Abstract

Whether tumor necrosis factor alpha (TNF- α ) gene polymorphisms (SNPs) influence disease susceptibility and treatment of patients with juvenile idiopathic arthritis (JIA) is presently uncertain. TNF- α is one of the most important cytokine involved in JIA pathogenesis. Several single nucleotide polymorphisms (SNPs) have been identified within the region of the TNF- α gene but only a very small minority have proven functional consequences and have been associated with susceptibility to JIA. An association between some TNF- α SNPs and adult rheumatoid arthritis (RA) susceptibility, severity and clinical response to anti-TNF- α treatment has been reported.

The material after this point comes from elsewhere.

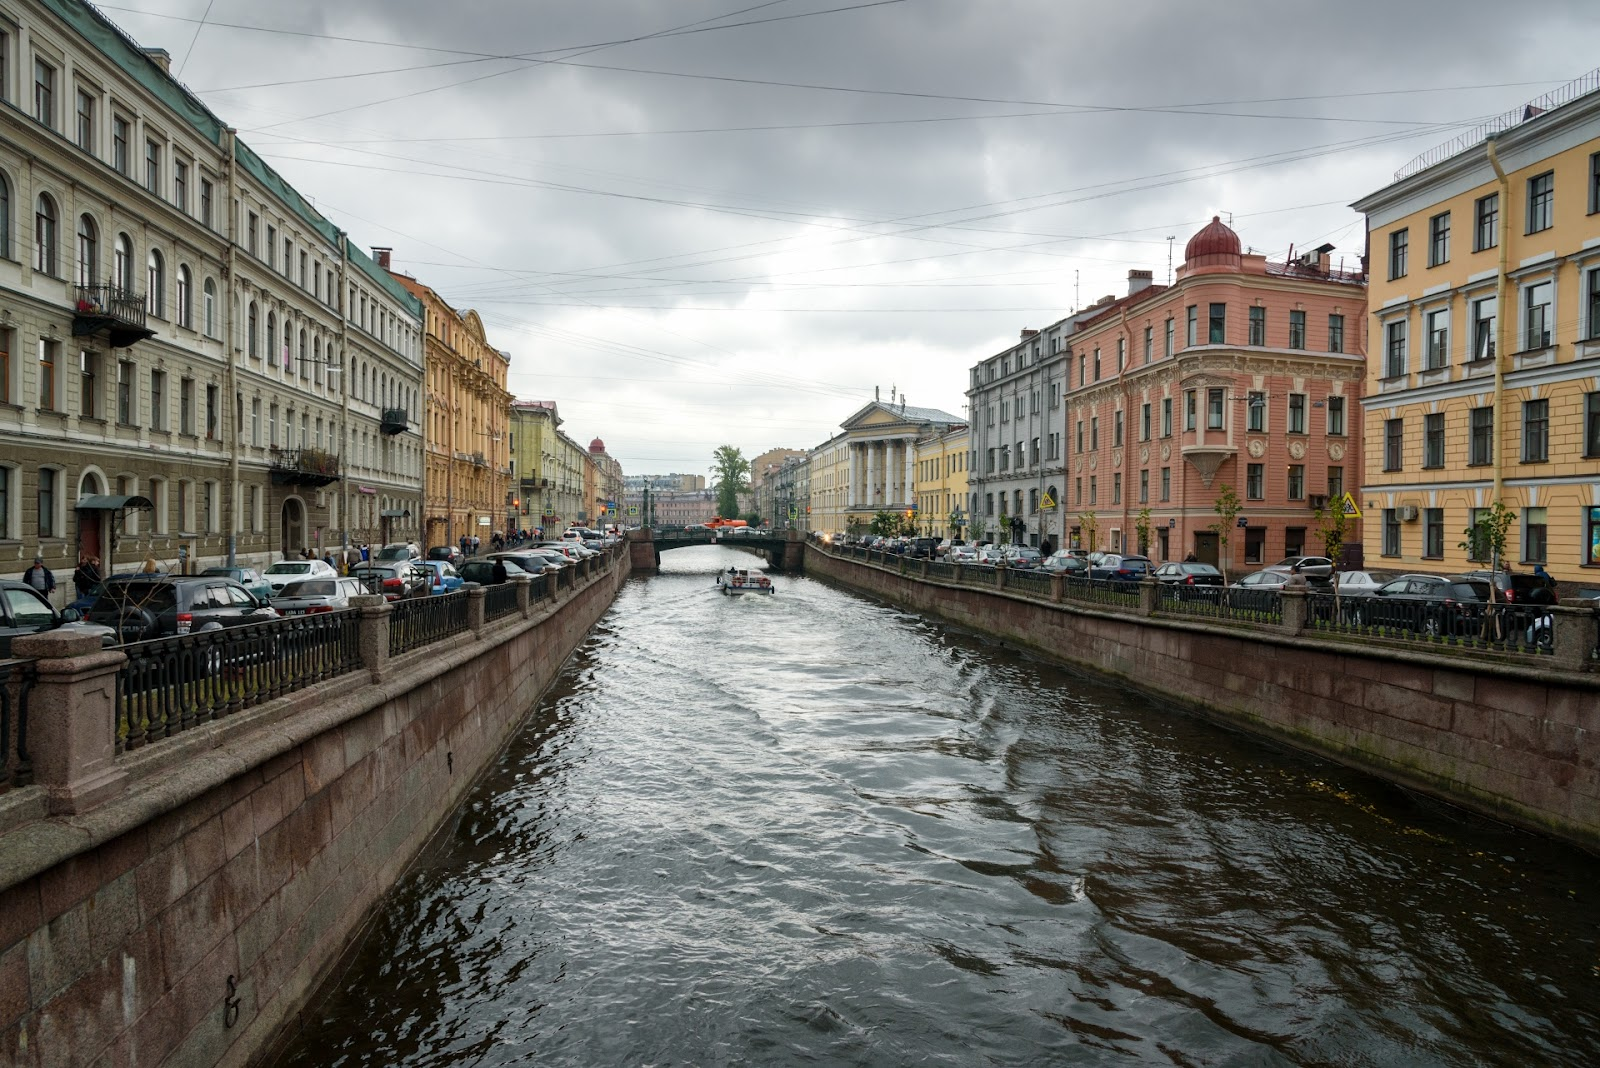 Каналы Санкт-Петербурга. Фотографии

The most frenquetly studied TNF- α SNP is located at −308 position, where a substitution of the G allele with the rare A allele has been found. The presence of the allele −308A is associated to JIA and to a poor prognosis. Besides, the −308G genotype has been associated with a better response to anti-TNF- α therapy in JIA patients, confirming adult data. Psoriatic and oligoarticular arthritis are significantly associated to the −238 SNP only in some works. Studies considering other SNPs are conflicting and inconclusive. Large scale studies are required to define the contribution of TNF- α gene products to disease pathogenesis and anti-TNF- α therapeutic efficacy in JIA.